So I have a JSON file which looks like this:
data = {
"path": "/",
"subPages": [
{
"path": "/1",
"subPages": [
{
"path": "/12",
"subPages": [
{
"path": "/123",
"subPages": [],
"url": "123_URL",
}
],
"url": "12_URL",
},
{
"path": "/13",
"subPages": [
{
"path": "/131",
"subPages": [
{
"path": "/1311",
"subPages": [
{
"path": "/13111",
"subPages": [],
"url": "13111_URL",
}
],
"url": "1311_URL",
}
],
"url": "131_URL",
}
],
"url": "13_URL",
}
],
"url": "1_URL",
}
]
}
I want to be able to parse this JSON into a dictionary of key "path" and value "url". Something like getting:
dict = {"/" : "1_URL", "/12" : "12_URL", "/123" : "123_URL", "/13" : "13_URL" }
And so on. This has been a bit difficult to accomplish because I need to access each level of the hierarchy independently to extract intended values and it's a file that may even have another 2 levels in the JSON hierarchy to parse.
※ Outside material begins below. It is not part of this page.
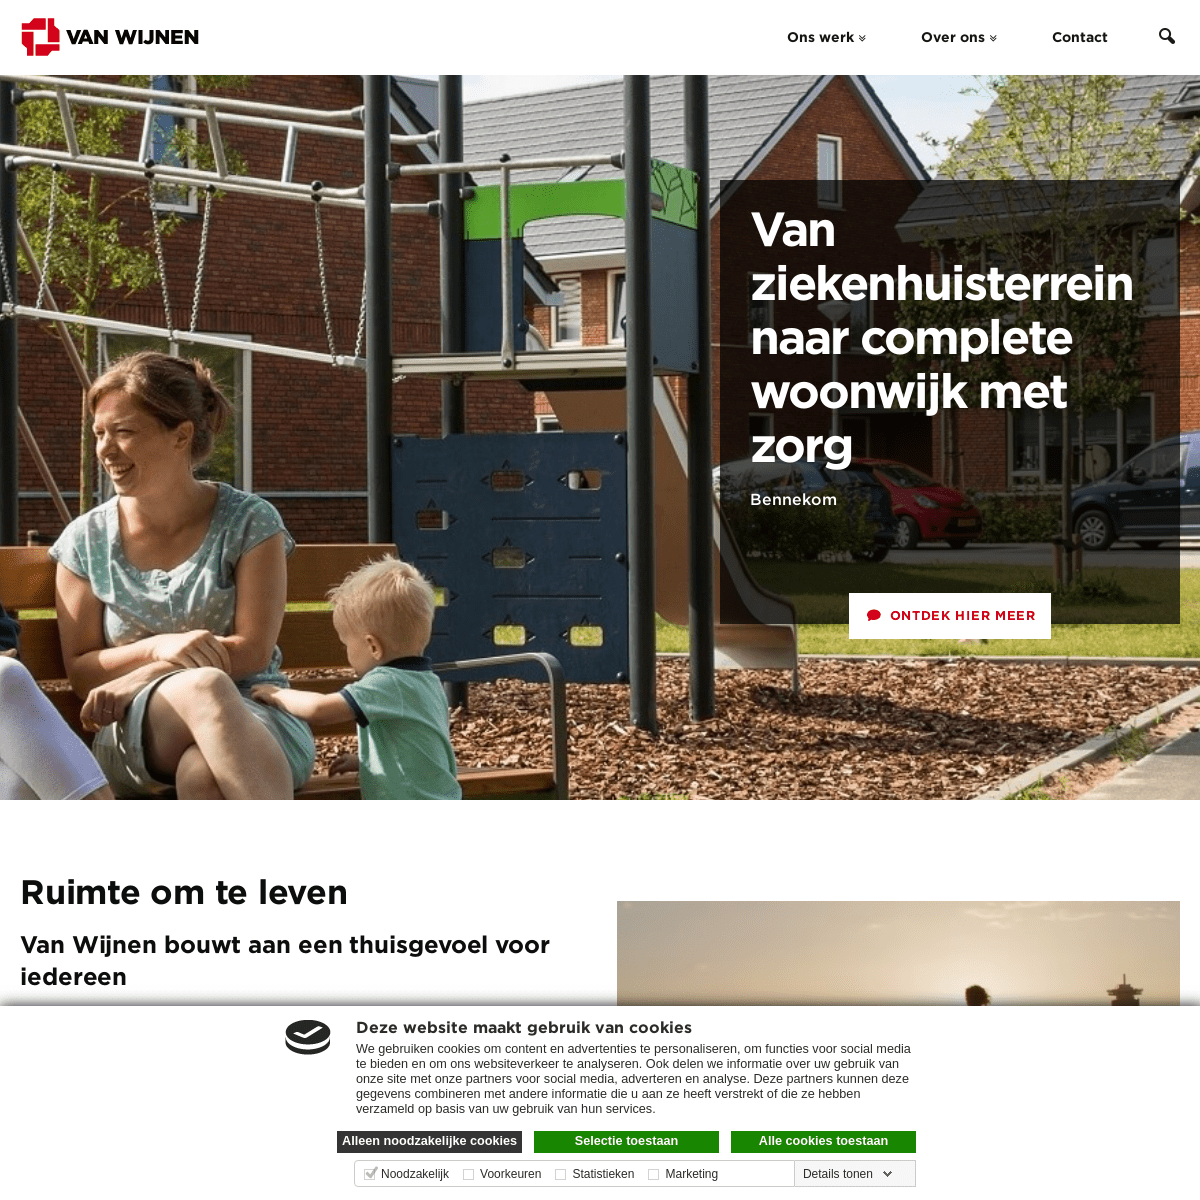 A complete backup of https://vanwijnen.nl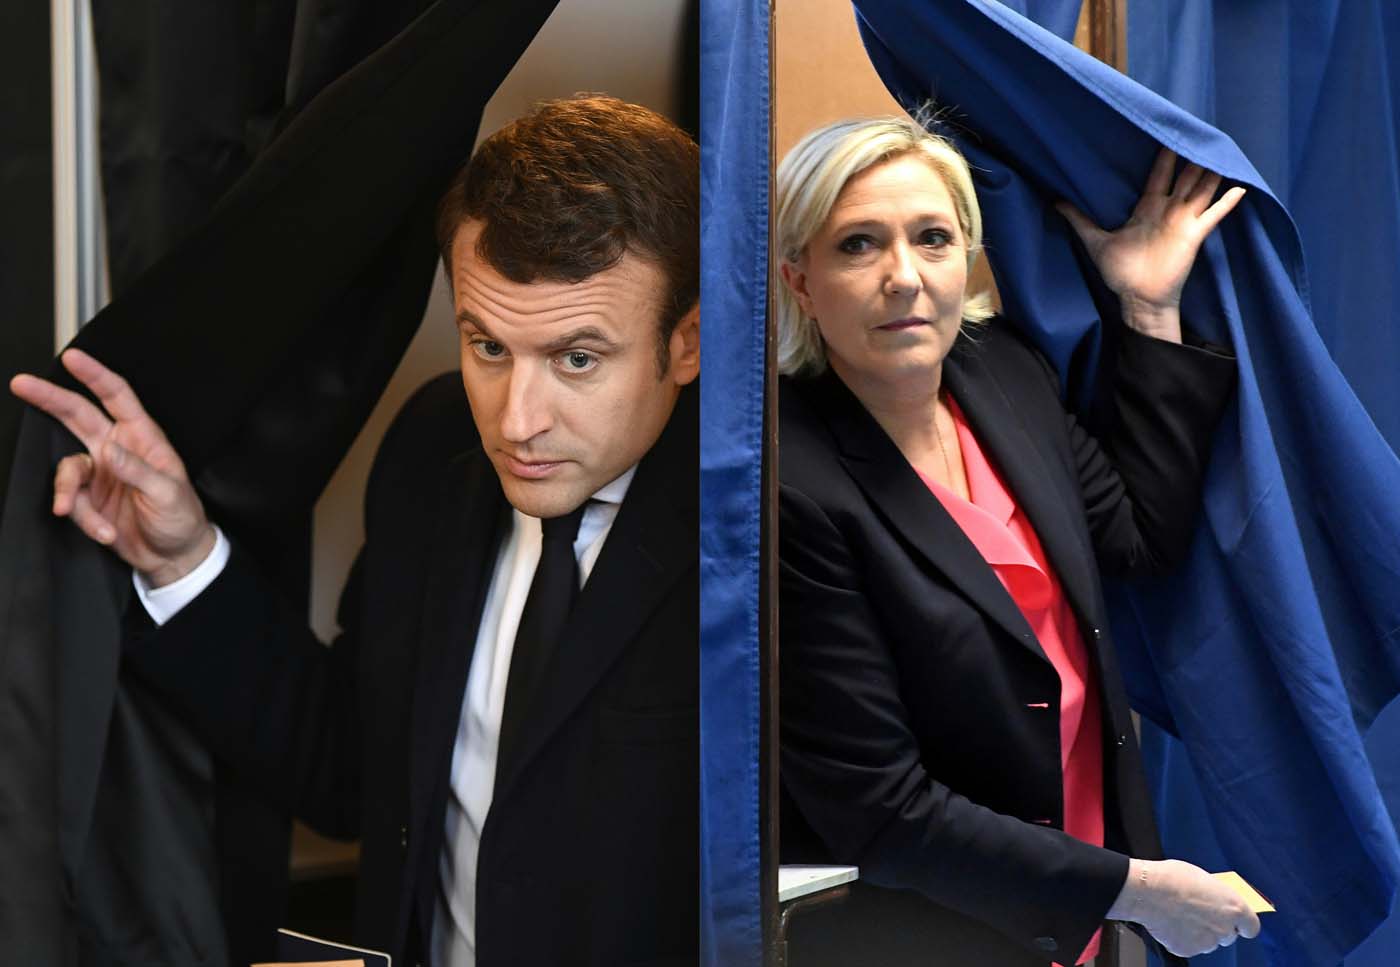 Marine Le Pen desea éxito a Macron frente a los enormes desafíos de Francia

The challenge here is because the "subpages" array is defined always before url key. My recursive approach failed because of this:
def json_extract(obj, key):
arr = []
def extract(obj, arr, key):
if isinstance(obj, dict):
for k, v in obj.items():
if isinstance(v, (dict, list)):
extract(v, arr, key)
elif k == key:
arr.append(v)
elif isinstance(obj, list):
for item in obj:
extract(item, arr, key)
return arr
values = extract(obj, arr, key)
return values
Do you have any idea how I can achieve this? Even just some logic you can point me to Thanks in advance!
Try:
def get_kv(o):
if isinstance(o, dict):
if "path" in o and "url" in o:
yield o["path"], o["url"]
for v in o.values():
yield from get_kv(v)
elif isinstance(o, list):
for v in o:
yield from get_kv(v)
print(dict(get_kv(data)))
Prints:
{
"/1": "1_URL",
"/12": "12_URL",
"/123": "123_URL",
"/13": "13_URL",
"/131": "131_URL",
"/1311": "1311_URL",
"/13111": "13111_URL",
}